The engine grounds through one connector `Protocol` so the same skills run against a real
platform or a synthetic one:

- **Real**: GitHub (PRs/reviews/issues/contents via a thin `httpx` REST v3 client), Azure DevOps
  (REST 7.1), Databricks (`databricks-sdk` + bundles CLI), Azure (`azure-identity` + monitor / health).
- **Emulator**: a self-contained platform (synthetic git repos + PRs + wiki + boards + CI +
  a SQLite warehouse) so the full flow runs offline.

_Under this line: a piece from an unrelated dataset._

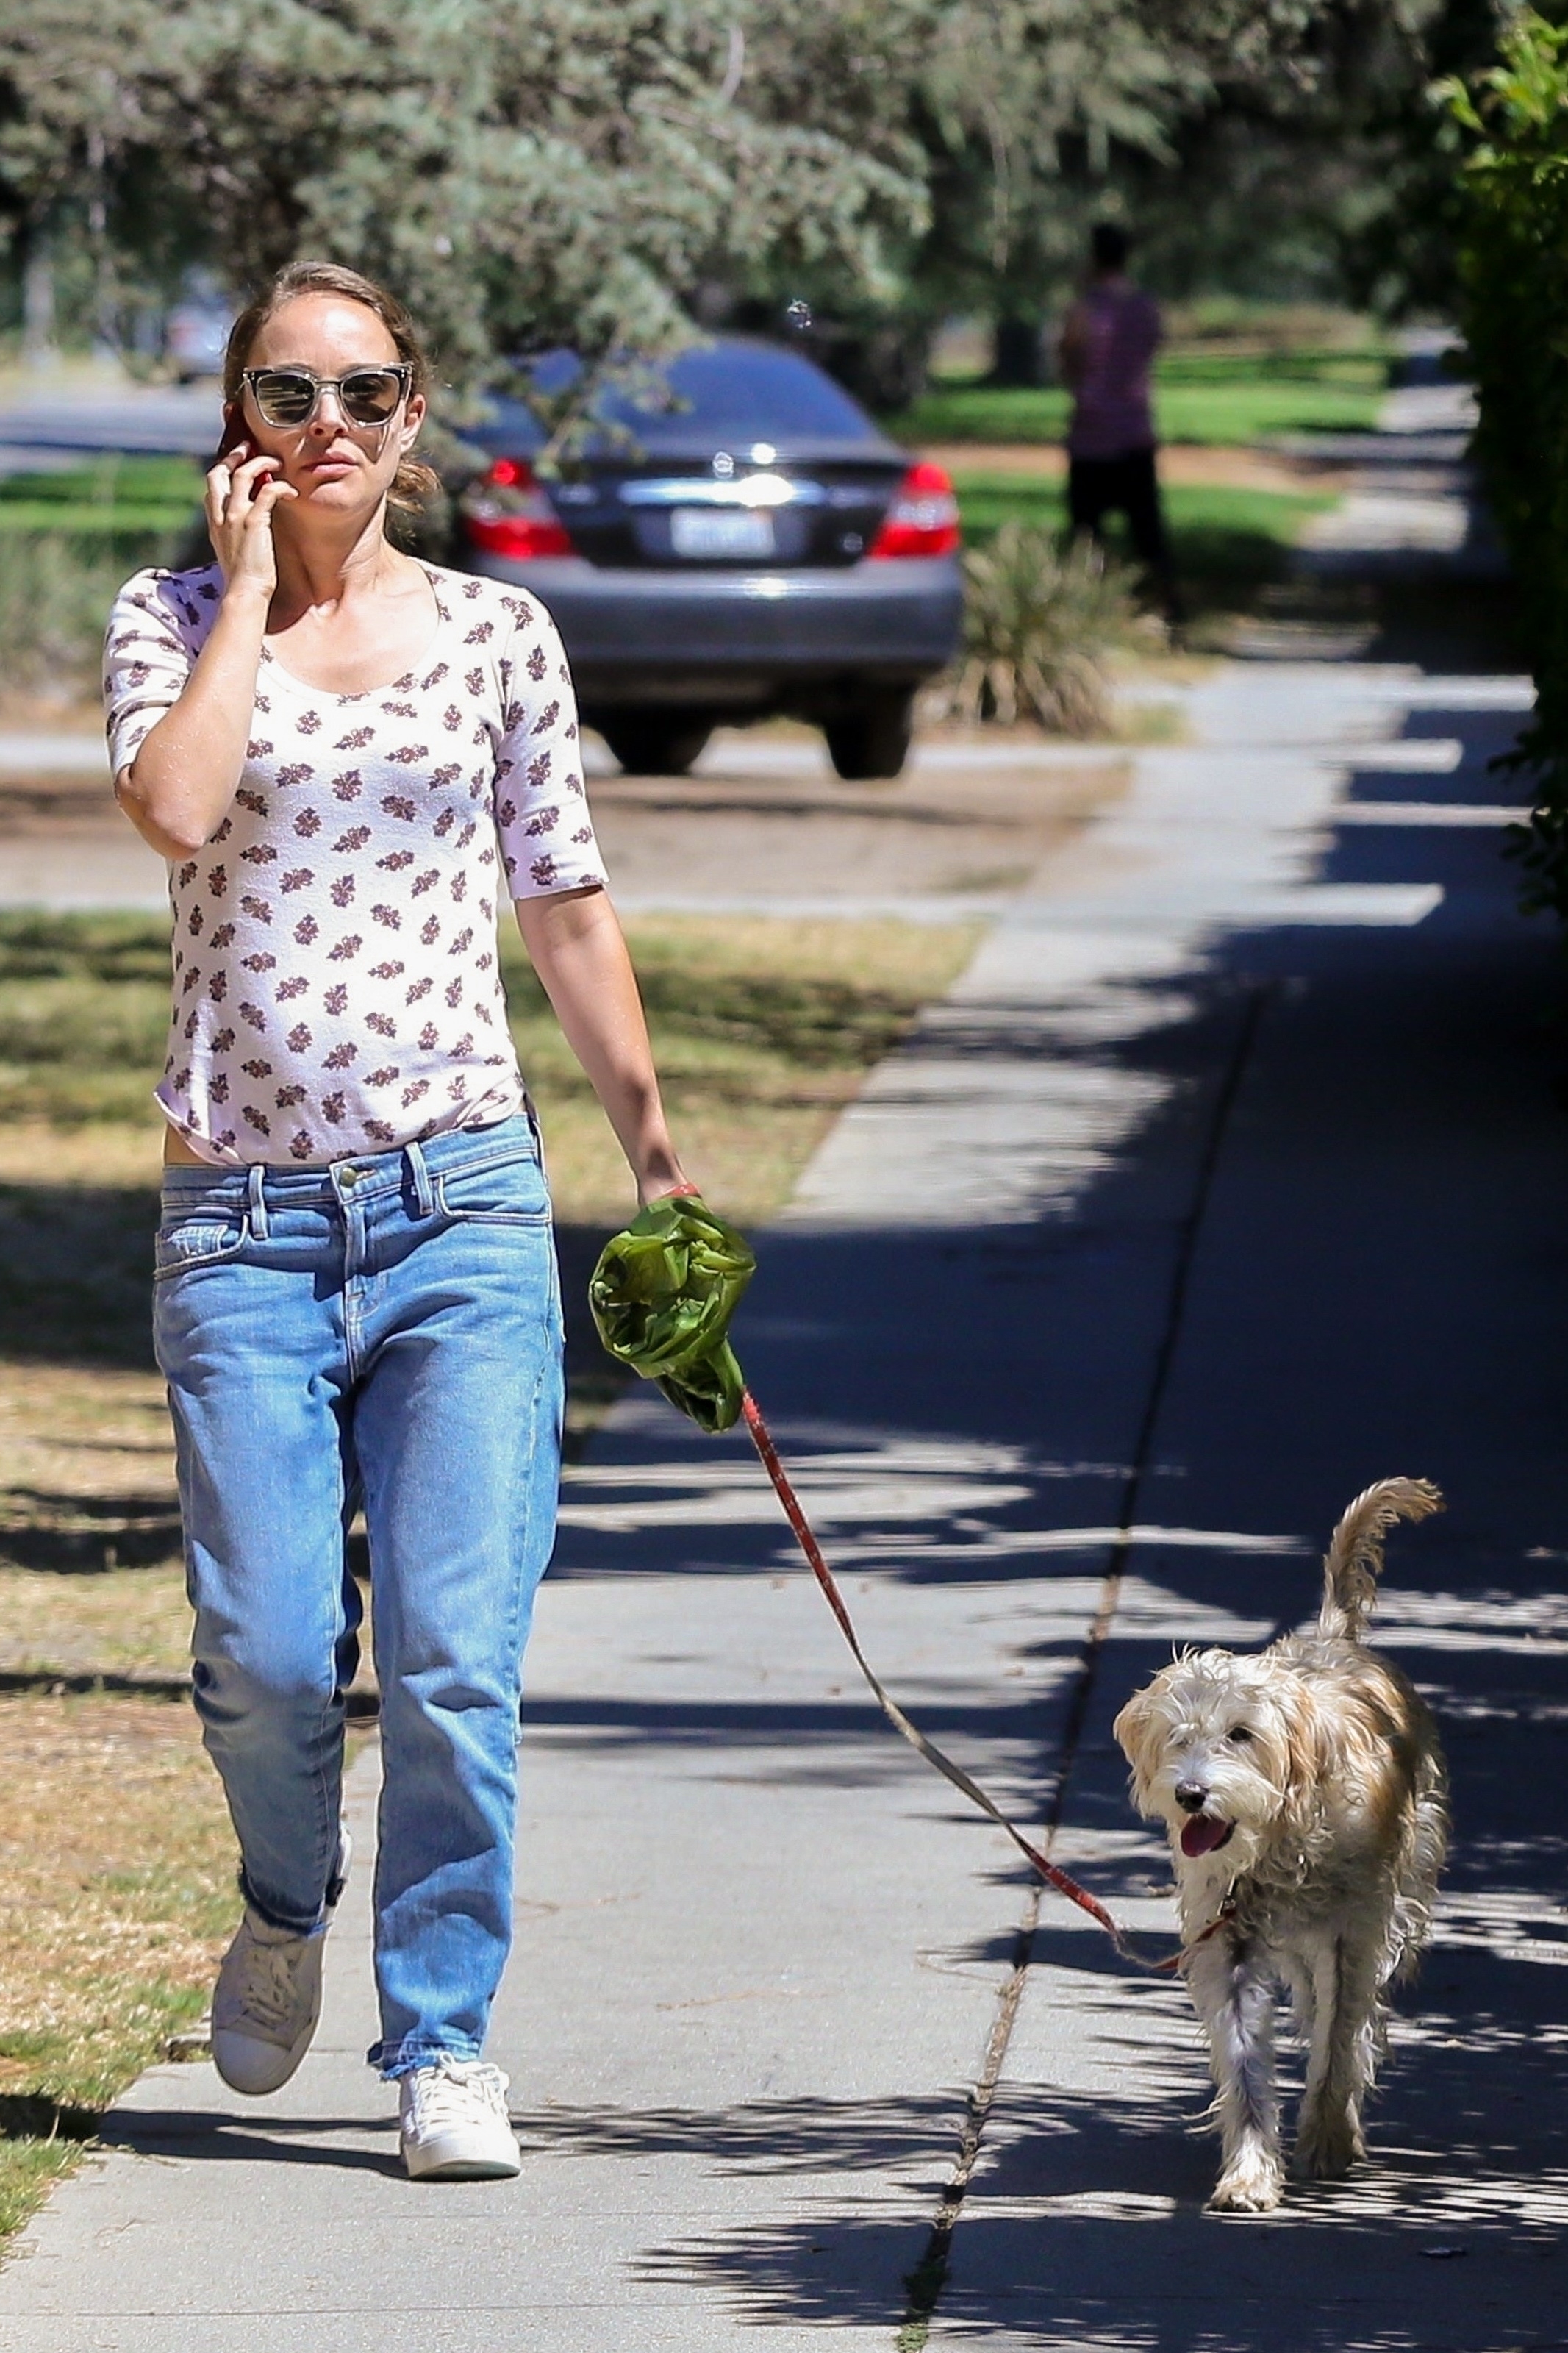 natalie-portman-out-for-a-walk-with-her-dog-near-griffith-park-in-los-feliz-09172018.jpg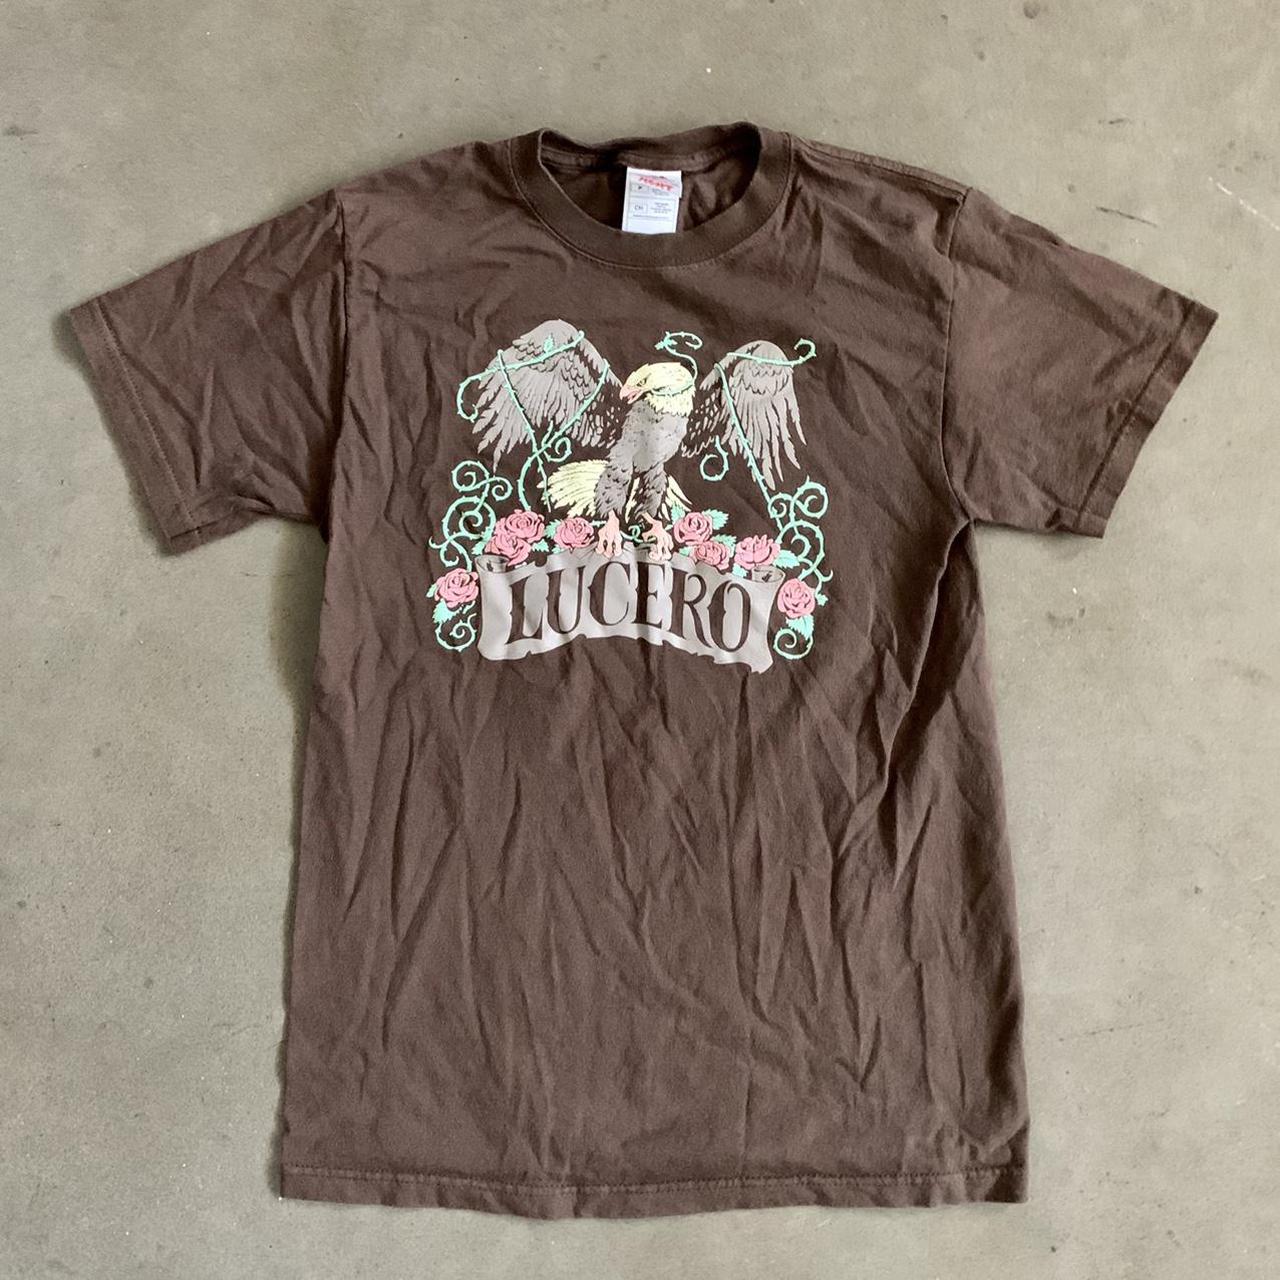 Product Image 2 - Vintage late 90s/early 00s Lucero

> The GitHub, Azure DevOps, Databricks, and Azure connectors are **implemented**; the offline
> emulator runs the full flow with no external calls. Each is enabled by its `pip install adra[...]`
> extra and exercised read-only by default.

## Security model

Deterministic floor (tools are ground truth; the LLM cannot overturn a blocker) · read-only
by default (writes require `--external` **and** explicit human confirmation) · human gates on
PR create / push / merge and any risk claim · English-only + AI-authorship-leak scan on
anything written to disk · immutable provenance for every run. The agent reads **untrusted**
repo/PR/issue content — a dual-LLM / capability split + sandboxed, egress-filtered execution are
planned for the connector phase (not yet implemented; OWASP LLM/Agentic Top-10).

## Two-repo layout

ADRA is the **public-destined OSS engine** (this repo) — no secrets, ever. A separate
private **ADRA Console** (a private web app + backend) *consumes* this engine for
experiments and real connections behind access control. The engine is the serious tool you
can run anywhere with your own tokens; the console is the connected instance.

## Extending

- **New criterion:** add a `RubricItem` to `adra/rubric.py` (it shows up in the critic
  prompt and, if `kind="deterministic"`, wire its check in `critic.py`).
- **New capability:** add a `Skill` subclass + a `prompts/<skill>.md`, register it in
  `adra/skills/__init__.py`, add a `Node`.
- **New tool:** a function returning a `ToolResult`; call it from a skill's `ground`.
- **New provider:** config only — set `ADRA_PROVIDER` / `ADRA_MODEL` / `ADRA_MODEL_<ROLE>`
  (pydantic-ai resolves the `provider:model`); no new code.

## Status

`v0.04.000` — the engine is complete and green offline, and the GitHub / Azure DevOps / Databricks
/ Azure connectors plus the offline emulator are implemented. Multi-industry synthetic clients and
the web console are the next phases. Stays `0.x` while connectors are partly untested-live.

## License

Apache-2.0 — see [LICENSE](LICENSE).

## References

`refs/` holds an annotated bibliography (`refs/README.md`) + BibTeX (`refs/references.bib`)
+ the core papers (ReAct, Reflexion, Self-Refine, Constitutional AI, LLM-as-judge bias,
agentic security / CaMeL, NIST AI RMF, OWASP LLM/Agentic, provenance, code-review agents).